Sitting in the bleachers (I refuse to call anything but a stadium's cheapest seats in the outfield anything but bleachers), when Juan Gonzalez came to bat last night on my birthday, I glanced at the scoreboard, I was actually surprised to see he has 434 career homers.

When did he have time to hit them?

Juan Gonzalez, simply stated, is a mutt. His visits to the disabled list (DL) are so frequent, that it's impossible to come to a conclusion other than the fact he intends to be there. He has not played more than 150 games in a season since 1998 and his last three years have been 80, 72, and 33 games played.

Gonzalez once was named to the All Star team and because he wasn't voted as a starter by the fans, he said "If I ain't startin', I ain't departin'" Now he's adding "I ain't playin' to that as well as "But I am gettin' paid."

This spring he was invited to the Indians camp and competed with Grady Sizemore for the starting rightfield job. Everything was great until late in spring training when the Indians decided to keep Gonzalez and send Grady Sizemore to the minors.

The next day, Gonzalez pulled his hammy and went on the DL. You can't get cut from a team off the DL. You can't get sent to the minors off the DL. And you have to get the full paycheck.

Well, recovering from a hamstring injury can only keep you out for so long. After 3 months, Gonzalez reported he was ready to go and so last night against the Twins, Gonzalez was activated and started in rightfield.

He came in in the first inning -- batting cleanup -- took two pitches from Carlos Silva and then grounded out weakly. Two steps out of the box he started performing the Juan Gonzalez Cha Cha, otherwise known as the "oh, shoot, I pulled my hammy." Back to the DL he goes.

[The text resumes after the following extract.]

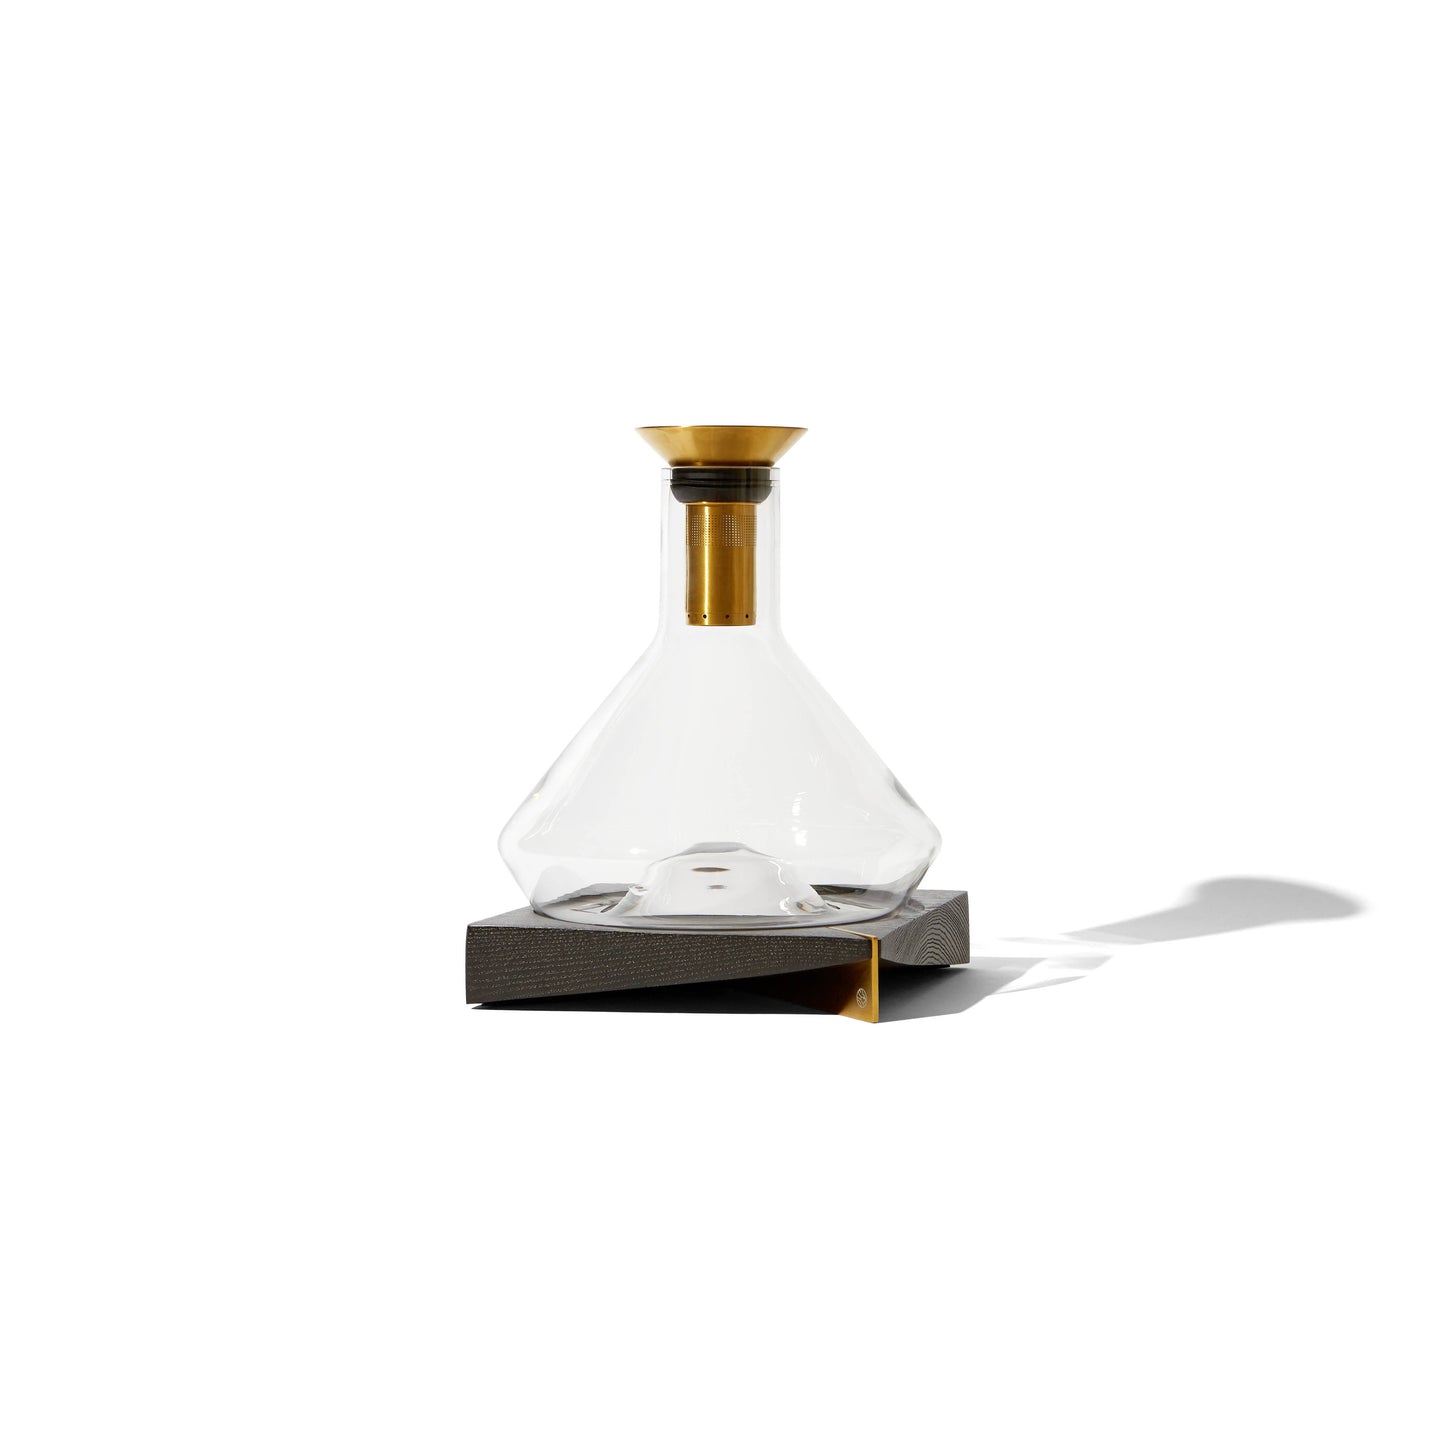 modern, geometric decanter with brass colored, stainless steel accents. Includes base for it to be displayed.  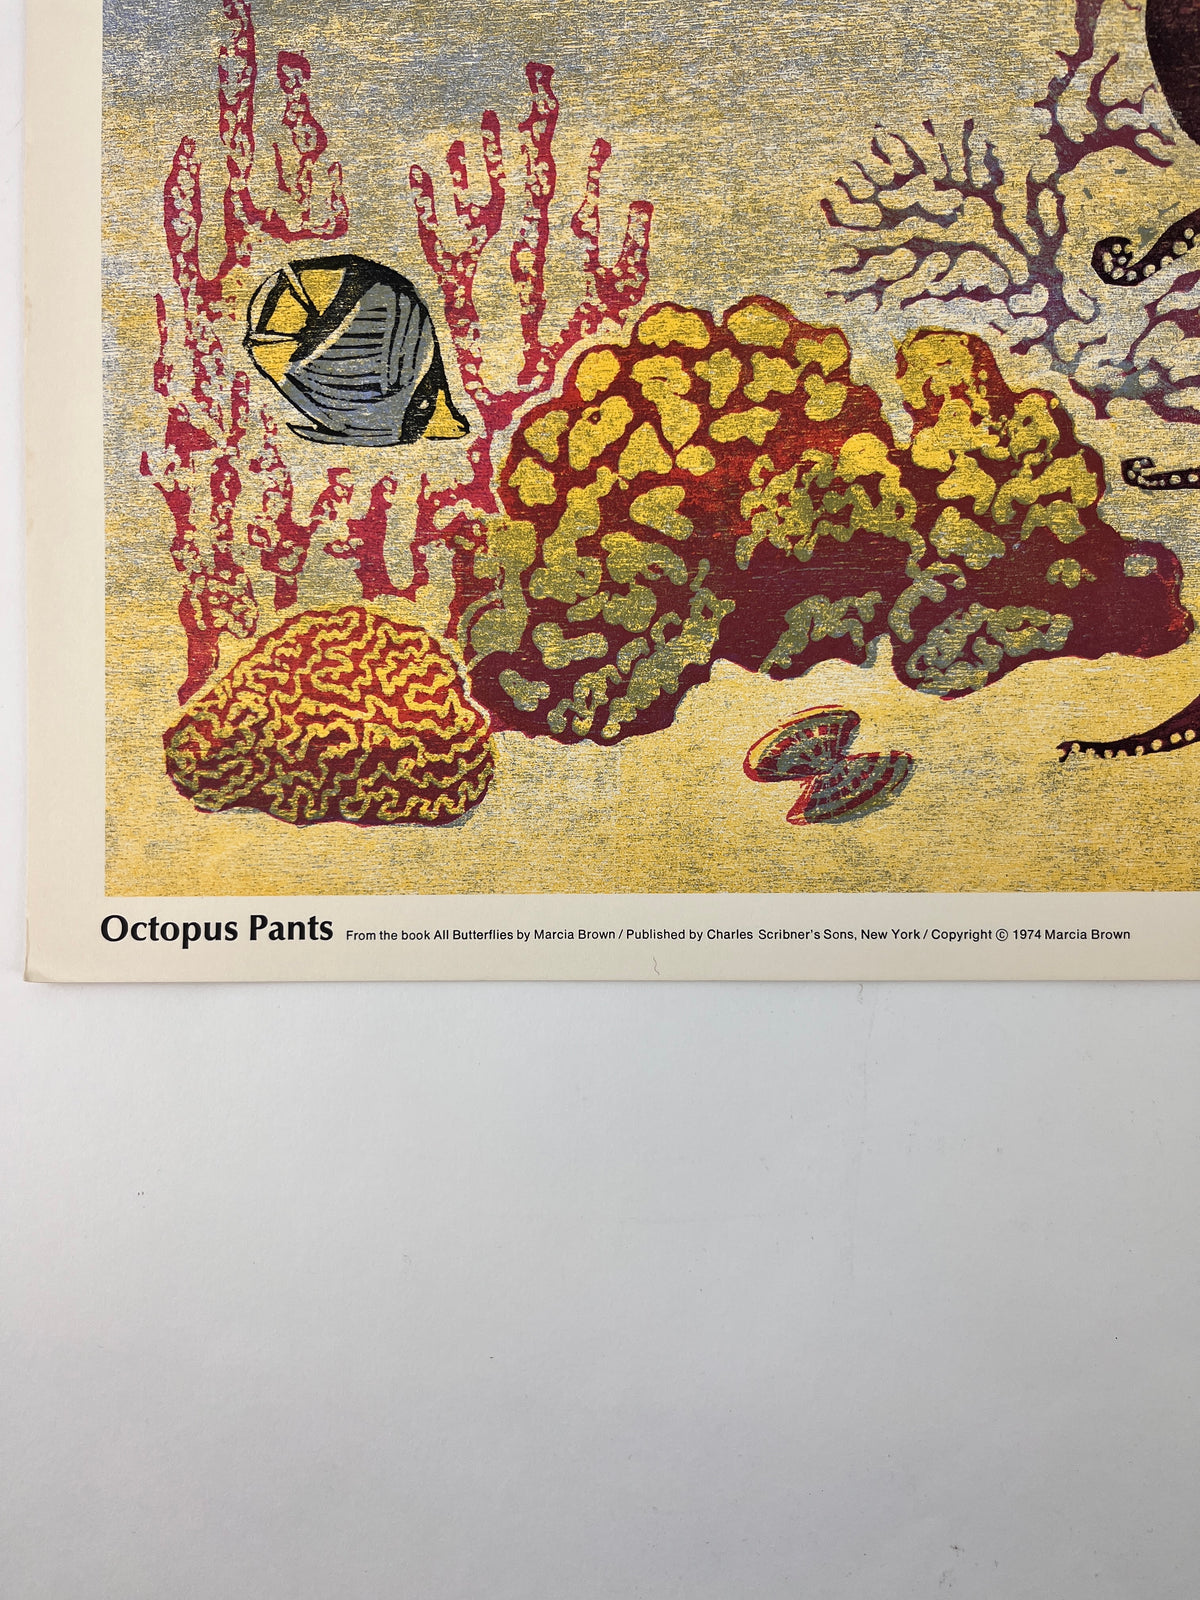 Vintage “Octopus Pants” Lithograph by Marcia Brown, 1974

Other thoughts on the game:

  • Nick Punto and Juan Castro had it going defensively last night, turning some terrific doubleplays, notable for their fluidity. Doubleplays are one thing, but when a shortstop and secondbaseman's motions together all seem to be from the same brain, it really doesn't get prettier.

  • OK, I'll bite. Gardenhire: What's to argue about? Everytime a pitcher is warned, it's the same old argument and it's always the same old result. Surely a Major League manager knows that. So what reserve of caffeine does one have to call upon to do the hat-throwing-dirt-kickin'-Lou Piniella thing? The outrage can't possibly by real. By the way, I've got a source on the field that I'm hoping to get to today to find out the magic words Gardy used to get kicked out. I'll let you know.

    There. Two conspiracies. Now that Deep Throat has been unmasked, it's all I've got now.